14th July Levelling up by levelling out


In an attempt to 'level up' fifty, fat and f%$&£d Barry Toppins of Sherwood, Nottingham is brining to court a case that would make it illegal for people to gaze hypnotically at his wobbling midriff, as if in a trance, whenever he attempts a 1km run on the treadmill at his local gym.

With 'upskirting' and now 'down blousing' being registered as criminal offences, 50 yr old Barry is keen to have 'paunch perusing' added to the list of illegal activities.
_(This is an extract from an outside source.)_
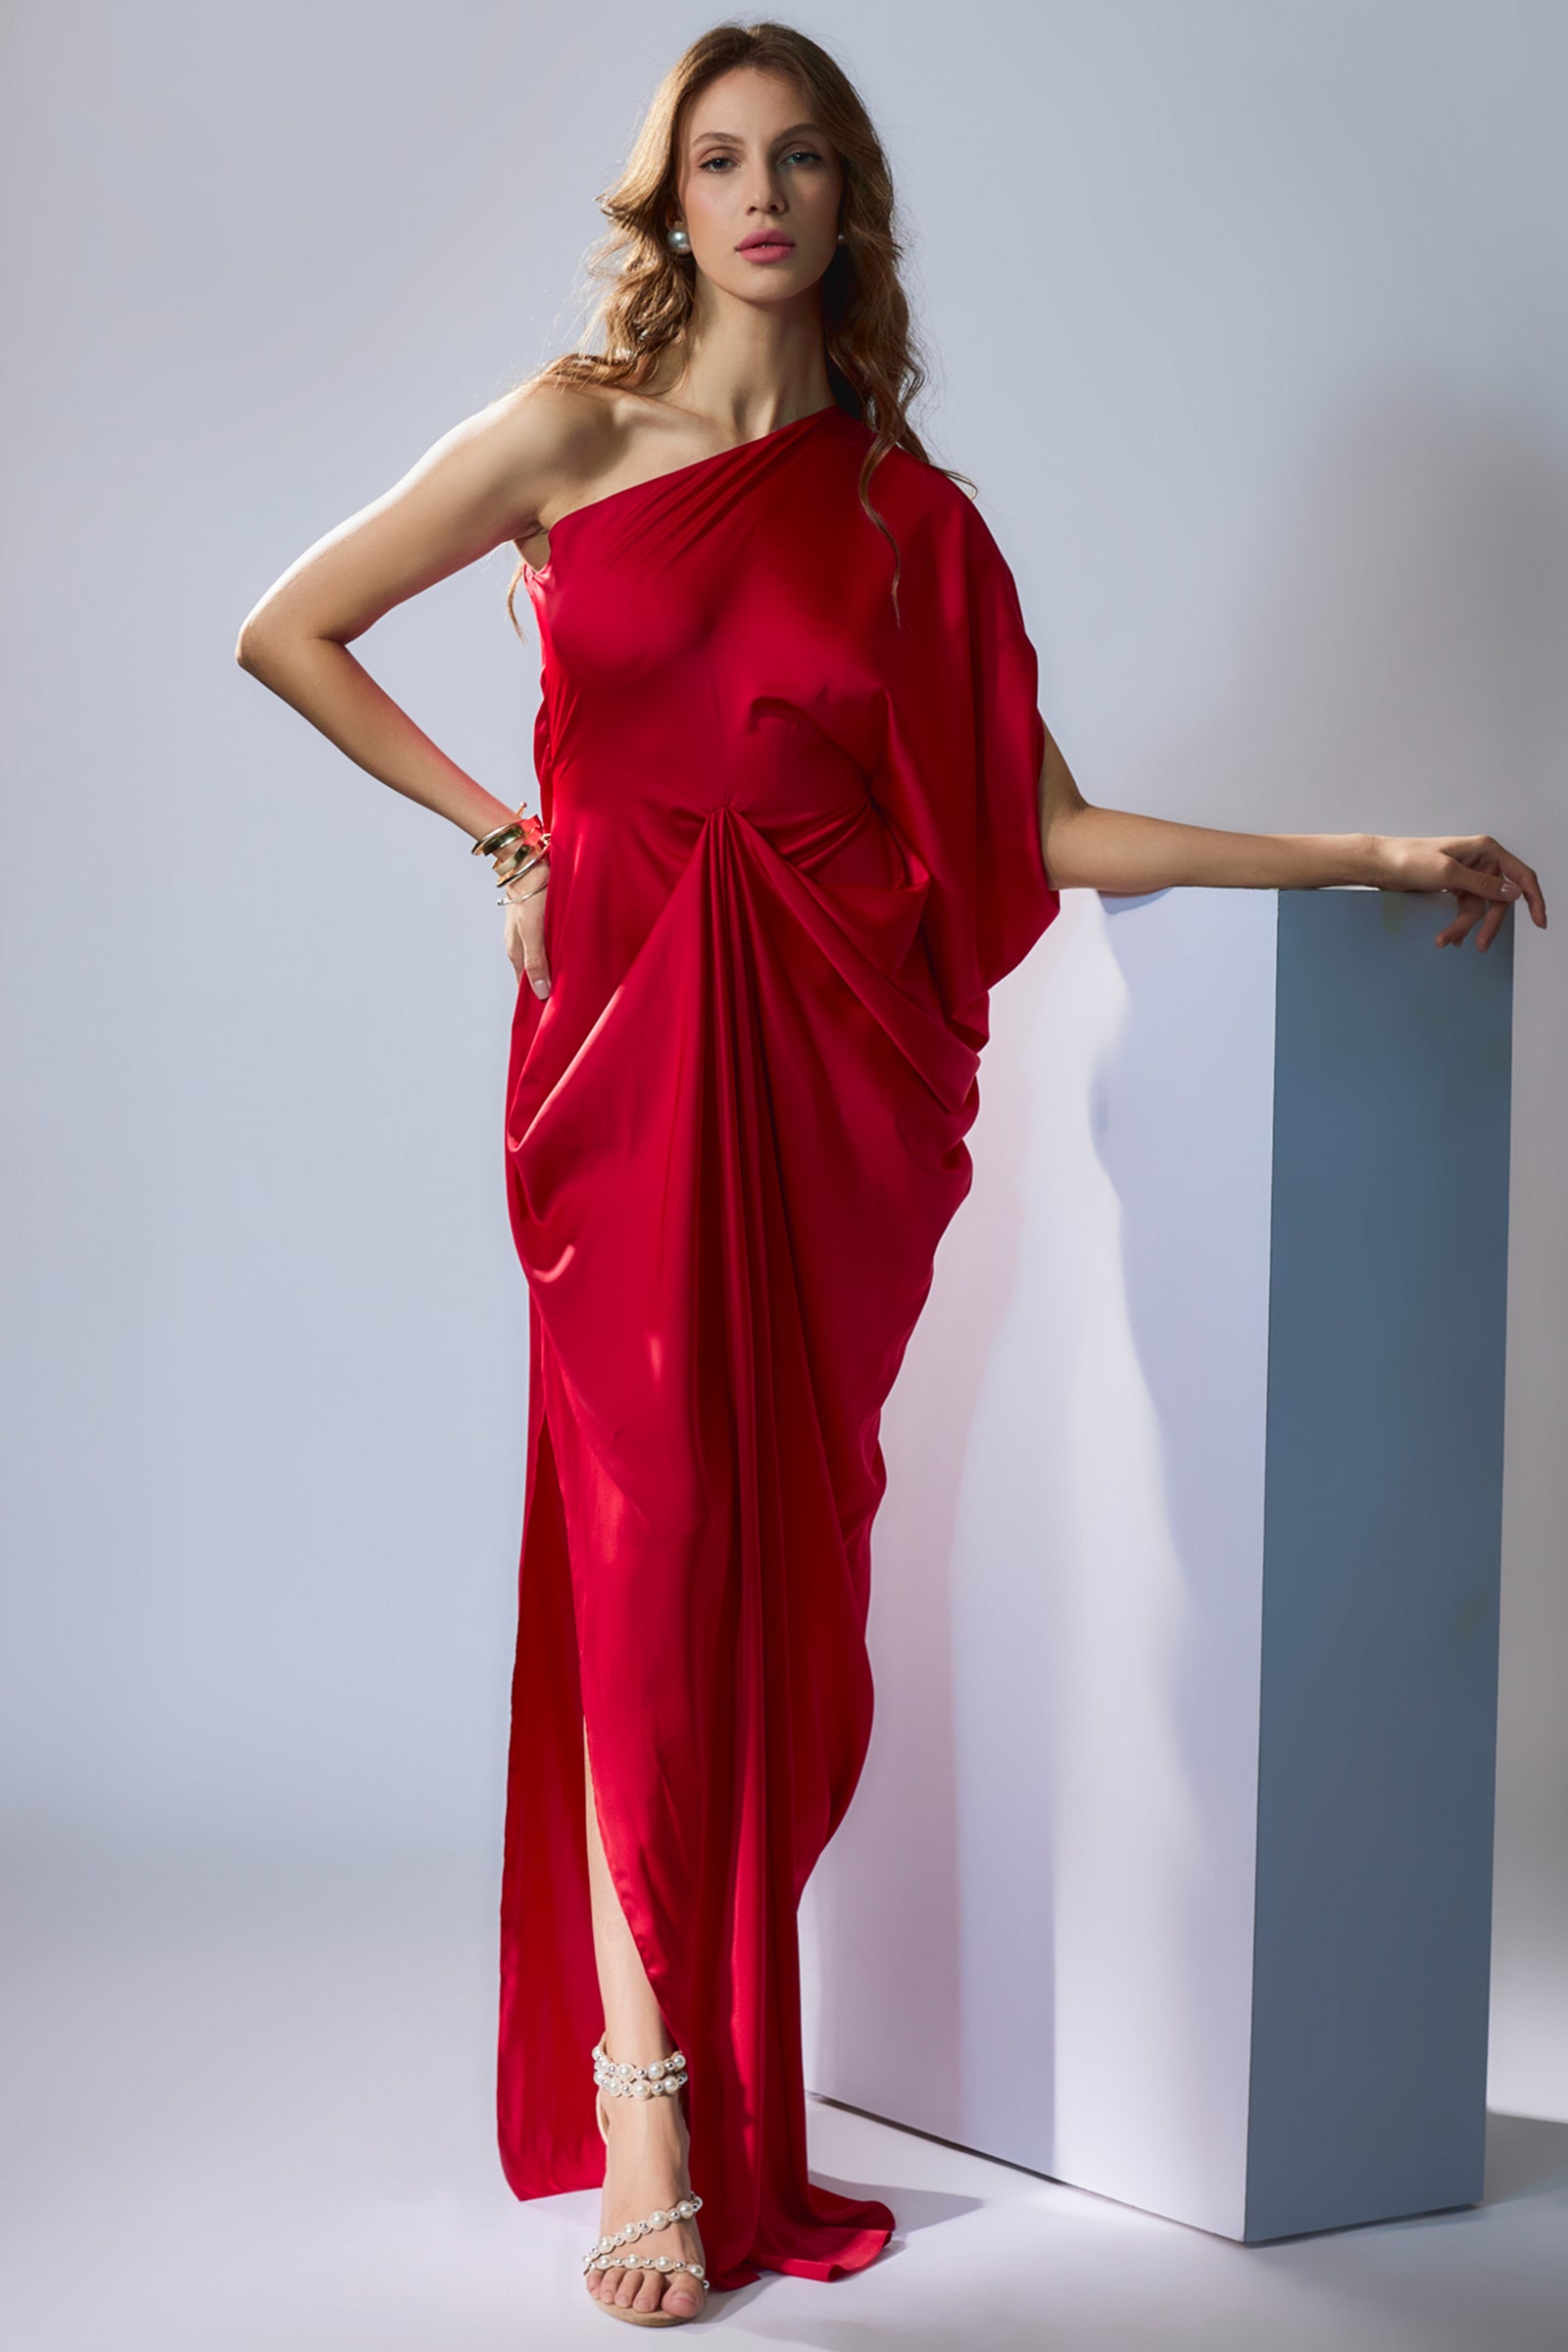 Ka Sha | Women's Designer Fashion | Shop online at Ogaan.com

Speaking to Grace Under Pressure's very own midline spreader, Barry revealed, "It was getting difficult to concentrate on my running form with the crowd that started to assemble to just stare and make suggestive comments." 
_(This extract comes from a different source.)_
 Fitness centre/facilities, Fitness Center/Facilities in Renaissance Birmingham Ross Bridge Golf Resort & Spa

"At one point I almost dropped my Doritoes and spilled my pint due to the level of verbal abuse. One said it was like watching a living lava lamp or a jelly moulded in human form. They constantly objectify my paunch," he continued, patting his midriff and setting off a series of waves of rippling flesh all around his belt line.

"I have been trying to perk up my buttocks so that my jeans aren't quite so baggy and don't reveal a crack wide enough to park a bike in whenever I bend over but I've had to admit defeat and realise that I am never gonna be Kim Kardasian in the arse stakes. If I was to even think about the size of a woman's breasts, the thought Police would be on my case. But they don't think twice about allowing complete strangers to tap my tummy just to see it jiggle."